- What you should do: Every line of the data below needs to be reproduced exactly.
--- START ---
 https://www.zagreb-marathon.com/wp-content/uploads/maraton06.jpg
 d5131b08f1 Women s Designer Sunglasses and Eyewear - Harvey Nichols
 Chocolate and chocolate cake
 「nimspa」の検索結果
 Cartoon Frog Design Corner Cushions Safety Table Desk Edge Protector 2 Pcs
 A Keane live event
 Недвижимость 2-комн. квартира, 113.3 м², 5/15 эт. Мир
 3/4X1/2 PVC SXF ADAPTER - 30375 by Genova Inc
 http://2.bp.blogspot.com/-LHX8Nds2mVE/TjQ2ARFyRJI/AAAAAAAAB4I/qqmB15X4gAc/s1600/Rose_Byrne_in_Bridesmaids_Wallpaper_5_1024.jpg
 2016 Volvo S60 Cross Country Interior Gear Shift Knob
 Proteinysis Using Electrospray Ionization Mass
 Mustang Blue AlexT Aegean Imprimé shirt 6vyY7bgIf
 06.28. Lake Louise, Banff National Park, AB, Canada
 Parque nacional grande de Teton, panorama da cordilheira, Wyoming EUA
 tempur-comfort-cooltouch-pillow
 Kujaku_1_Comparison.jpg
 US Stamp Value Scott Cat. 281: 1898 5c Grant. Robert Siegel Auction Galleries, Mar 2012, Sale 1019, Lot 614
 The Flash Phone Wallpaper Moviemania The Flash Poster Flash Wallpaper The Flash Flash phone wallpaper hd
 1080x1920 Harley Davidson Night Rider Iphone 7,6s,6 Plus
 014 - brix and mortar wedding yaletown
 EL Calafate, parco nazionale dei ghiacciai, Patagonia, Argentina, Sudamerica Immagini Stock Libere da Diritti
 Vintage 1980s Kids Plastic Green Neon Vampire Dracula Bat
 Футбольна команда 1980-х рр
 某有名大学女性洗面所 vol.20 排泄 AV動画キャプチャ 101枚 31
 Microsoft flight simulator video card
--- END ---
- Result of this exercise:
 https://www.zagreb-marathon.com/wp-content/uploads/maraton06.jpg
 d5131b08f1 Women s Designer Sunglasses and Eyewear - Harvey Nichols
 Chocolate and chocolate cake
 「nimspa」の検索結果
 Cartoon Frog Design Corner Cushions Safety Table Desk Edge Protector 2 Pcs
 A Keane live event
 Недвижимость 2-комн. квартира, 113.3 м², 5/15 эт. Мир
 3/4X1/2 PVC SXF ADAPTER - 30375 by Genova Inc
 http://2.bp.blogspot.com/-LHX8Nds2mVE/TjQ2ARFyRJI/AAAAAAAAB4I/qqmB15X4gAc/s1600/Rose_Byrne_in_Bridesmaids_Wallpaper_5_1024.jpg
 2016 Volvo S60 Cross Country Interior Gear Shift Knob
 Proteinysis Using Electrospray Ionization Mass
 Mustang Blue AlexT Aegean Imprimé shirt 6vyY7bgIf
 06.28. Lake Louise, Banff National Park, AB, Canada
 Parque nacional grande de Teton, panorama da cordilheira, Wyoming EUA
 tempur-comfort-cooltouch-pillow
 Kujaku_1_Comparison.jpg
 US Stamp Value Scott Cat. 281: 1898 5c Grant. Robert Siegel Auction Galleries, Mar 2012, Sale 1019, Lot 614
 The Flash Phone Wallpaper Moviemania The Flash Poster Flash Wallpaper The Flash Flash phone wallpaper hd
 1080x1920 Harley Davidson Night Rider Iphone 7,6s,6 Plus
 014 - brix and mortar wedding yaletown
 EL Calafate, parco nazionale dei ghiacciai, Patagonia, Argentina, Sudamerica Immagini Stock Libere da Diritti
 Vintage 1980s Kids Plastic Green Neon Vampire Dracula Bat
 Футбольна команда 1980-х рр
 某有名大学女性洗面所 vol.20 排泄 AV動画キャプチャ 101枚 31
 Microsoft flight simulator video card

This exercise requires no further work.